The truth is, most career sites aren’t designed to convert campaign traffic. They’re built for browsing, not buying in. Which is why, if you’re serious about recruitment campaigns, you need something else: dedicated landing pages.
Landing pages sell the sizzle before the sausage
It’s a phrase we come back to a lot at AudienceLink. Candidates don’t apply because they’ve read a list of responsibilities. They apply because something resonates. Because they feel seen, understood, excited.
That’s what landing pages let you do. They give you the space to tell a story, not just list a job. To show real people, real culture, real purpose — before you hit them with the details.
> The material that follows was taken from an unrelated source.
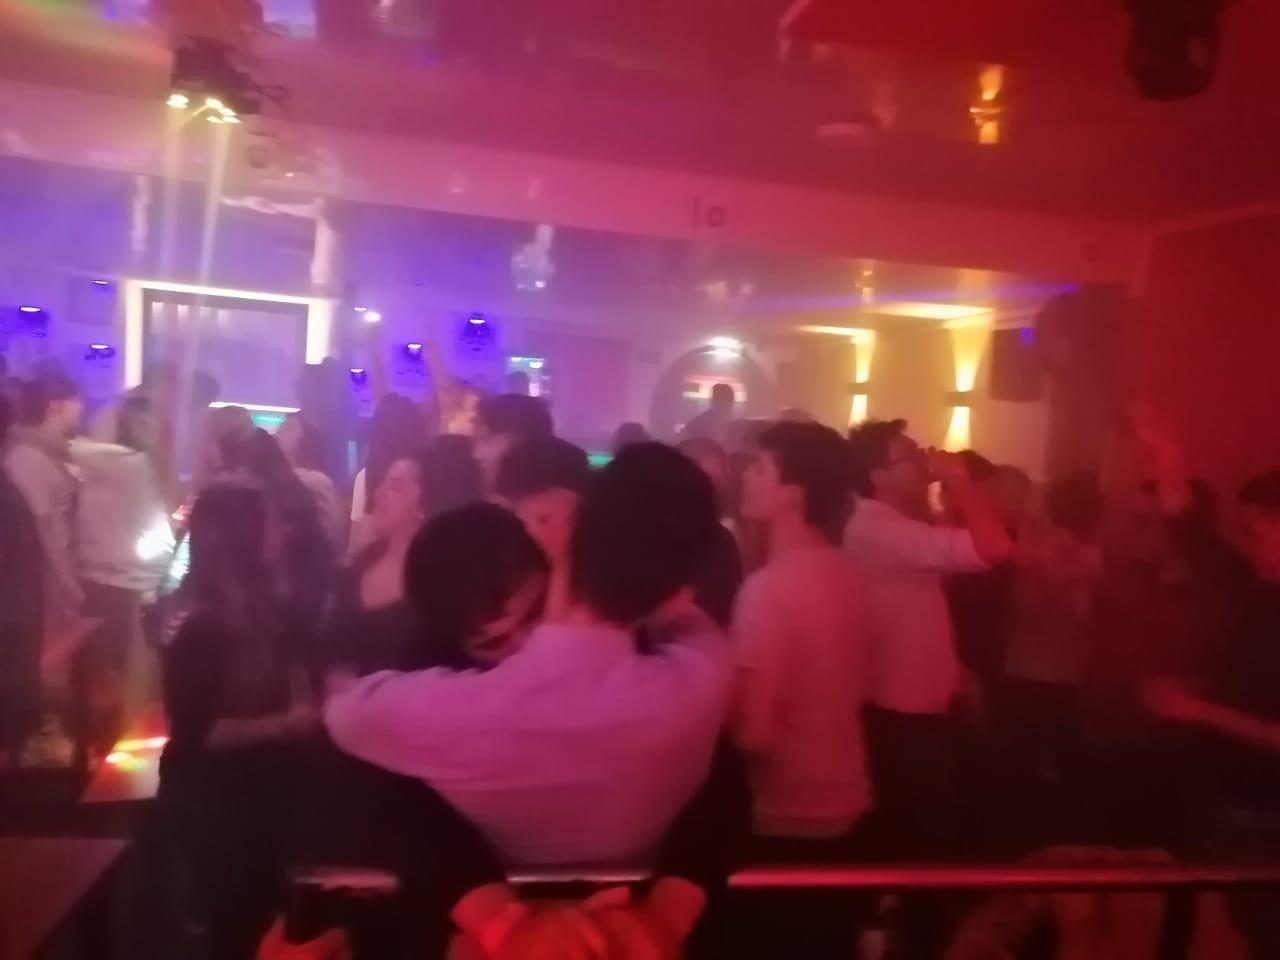 guia gay colombia - dicotecas gay tunja, bares tunja. lesbianas, bisexuales trans de rumba (8)
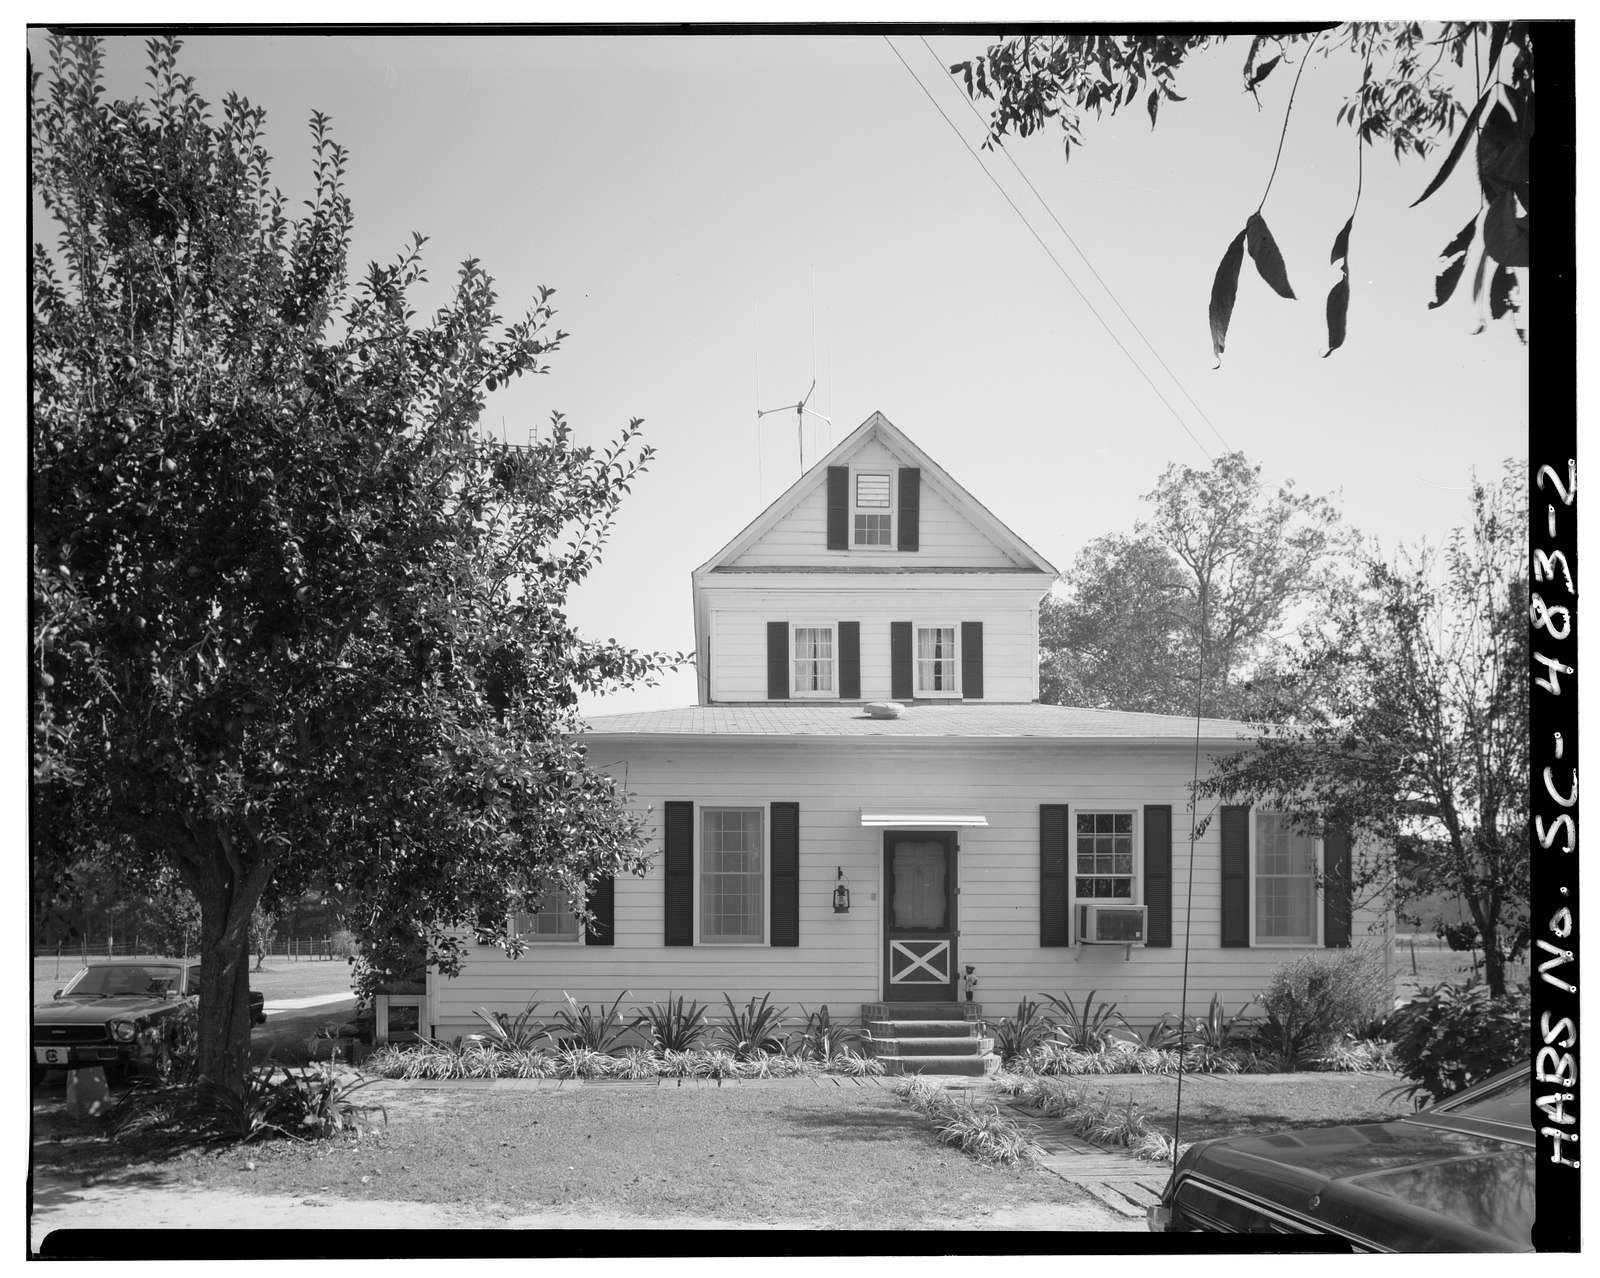 Stephan Williams House, U.S. Route 176, Holly Hill, Orangeburg County, SC

They don’t have to be complex. But they do have to be intentional.
A great landing page does three things:
1. Matches the message that got the clickIf your ad talks about flexibility or values or culture, don’t drop people onto a page that ignores all of that. Make sure what they see next builds on what they just bought into.
2. Makes it ridiculously easy to actShort, focused, mobile-first. No distractions. No ten-step application processes. Just: “Here’s why this role is worth your time. Here’s what to do next.”
3. Reflects your brand, not your ATSYour careers tech might not let you tell your story properly. That’s fine. Bypass it. Use a landing page to control the message, build the vibe, and route to apply however makes sense.
But do I always need one?
Not necessarily. If you’re running niche ads for a single job and already have a standout job ad or a well-designed role page, that might do the trick.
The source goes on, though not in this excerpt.